Tore, nobody can tell you if the bike will still be OK in one year. I'm sure you know about correct adjustment of saddle height, so when his seatpost goes up so far that you can see the MAX mark, he has completely outgrown the bike.


----------



## Thomk (13 Feb 2014)

Why not try to get a used one from ebay sent directly to you in Norway?


----------



## jay clock (13 Feb 2014)

Tore, if you get one and he grows out of it, it should resell easily, particularly if the hassle of buying new is so big. We had a couple of Islabikes (3 in fact) and each one has sold for a massive price after a few years. Last one was a Beinn 24 (new is 350pds) and I got over 200 when about 5 years old. The sizing guides they give on the website are pretty accurate if I remember


----------



## Wooliferkins (28 Feb 2014)

Isla are a fairly small company and from experience getting a decent price point deal from couriers for overseas is difficult. Add to that the tax admin of exporting with no warranty support in the country and very probably the sums don't add up.


----------



## Tore johnny Blomhaug (4 May 2014)

and now i found out the bike it to small.....he want a bigger bike and also start complain it it to small and now last weekend he grand dad ask "hey shold you now buy him a new bike it is to small"

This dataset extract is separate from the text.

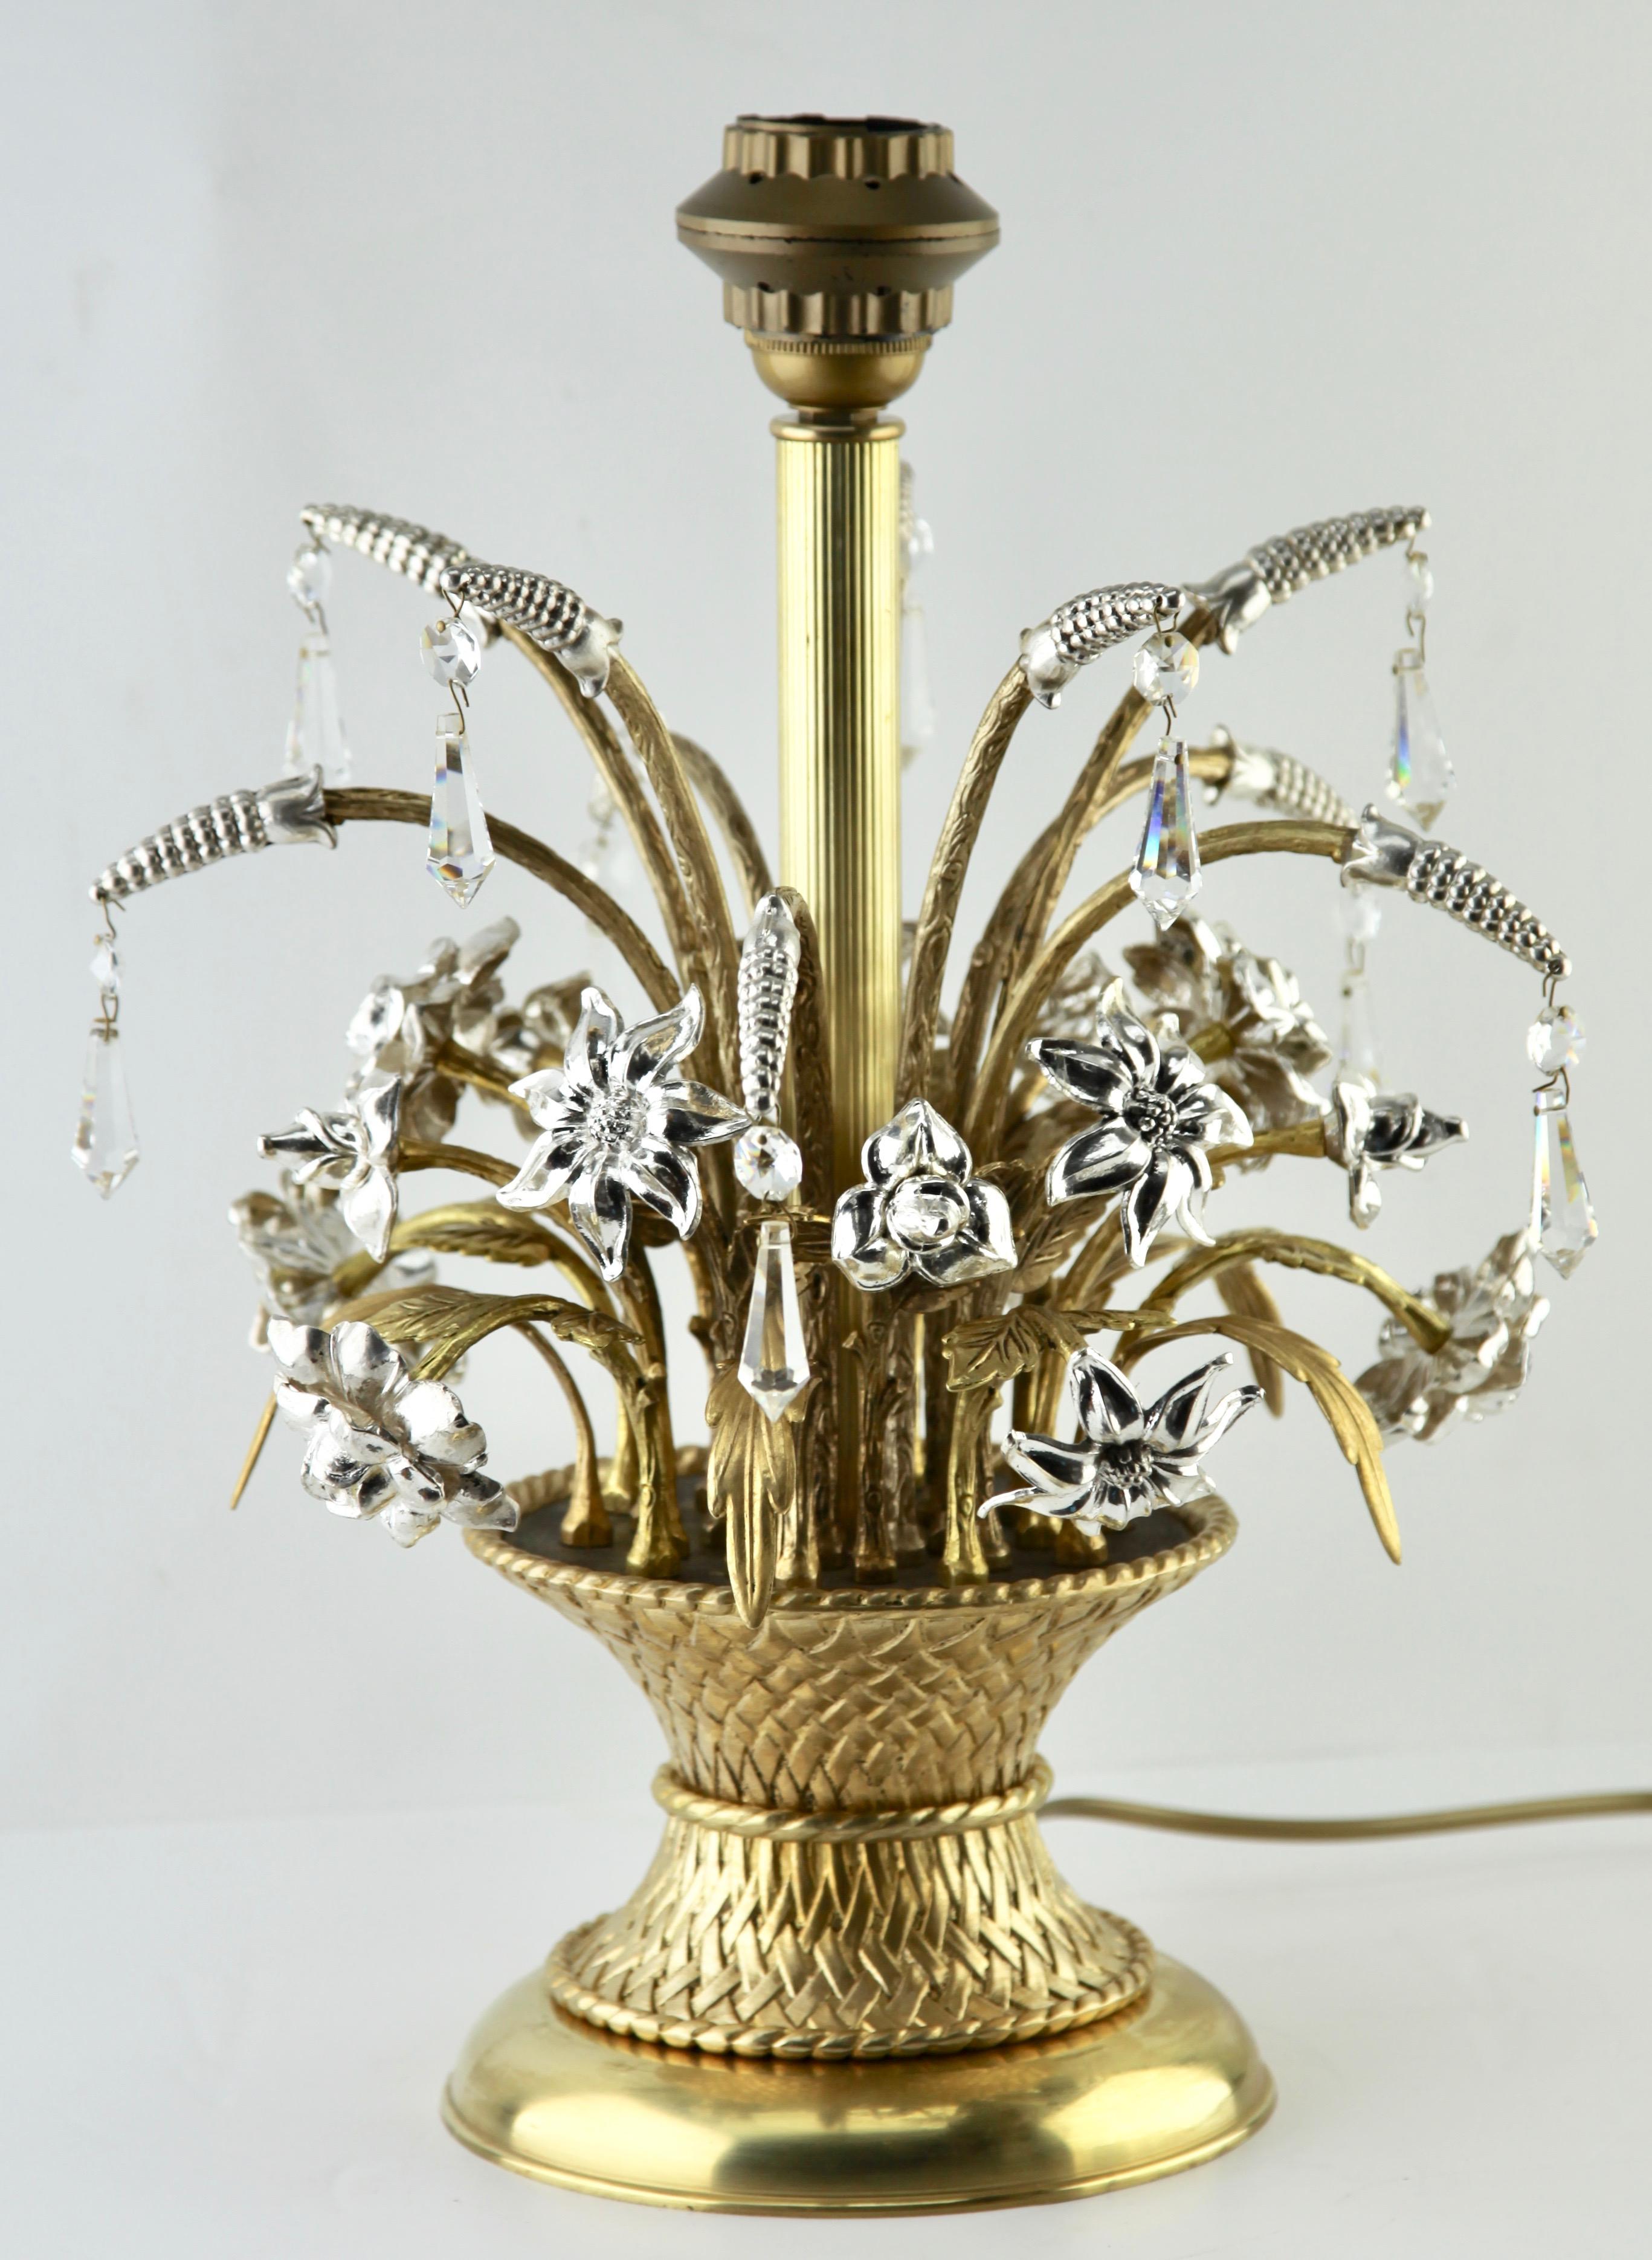 Lamp Representing a Bouquet of Brass and Silver Metal Flowers in a Basket, 1960s For Sale 5

so i have start to check on e-bay and i have ask a cople to send it to norway/sweeden (i`am close to sweeden) and wold be easy to pick it up there  (and since sweden is in EU i hope that wold be more easy)

but not any luck so far i will send petja a mail,mabey some can send it to him and i can pick it upp there (take a plain)
there is not any option in UK to send it to a post office and pick it upp there my self? have mail the airport and hopefull they can take it and keep it there a cople days 

main issue is that a "regular" 20 is to big (only 1 size in norway) and i don`t want to buy him a 16.


----------



## jay clock (4 May 2014)

I would be amazed if you could have it delivered to the airport for you to collect. Best option would be to use warmshowers.com or this forum or similar to find a local cyclist who would allow you to have it delivered to their house near the airport and collect from there. Or a cycling club.....


----------



## Tore johnny Blomhaug (5 May 2014)

@jay clock it was a great tips on the cycling club,i have send mail to RAPHA CYCLE CLUB LONDON mabey they can fix this  seems like a perfect place to fix this 

did also contact one person at .warmshowers.org/ who live close to the airport,hope he can help


----------



## Stephenite (10 Jan 2015)

Did you manage to fix this @Tore johnny Blomhaug ?

I want one too.


----------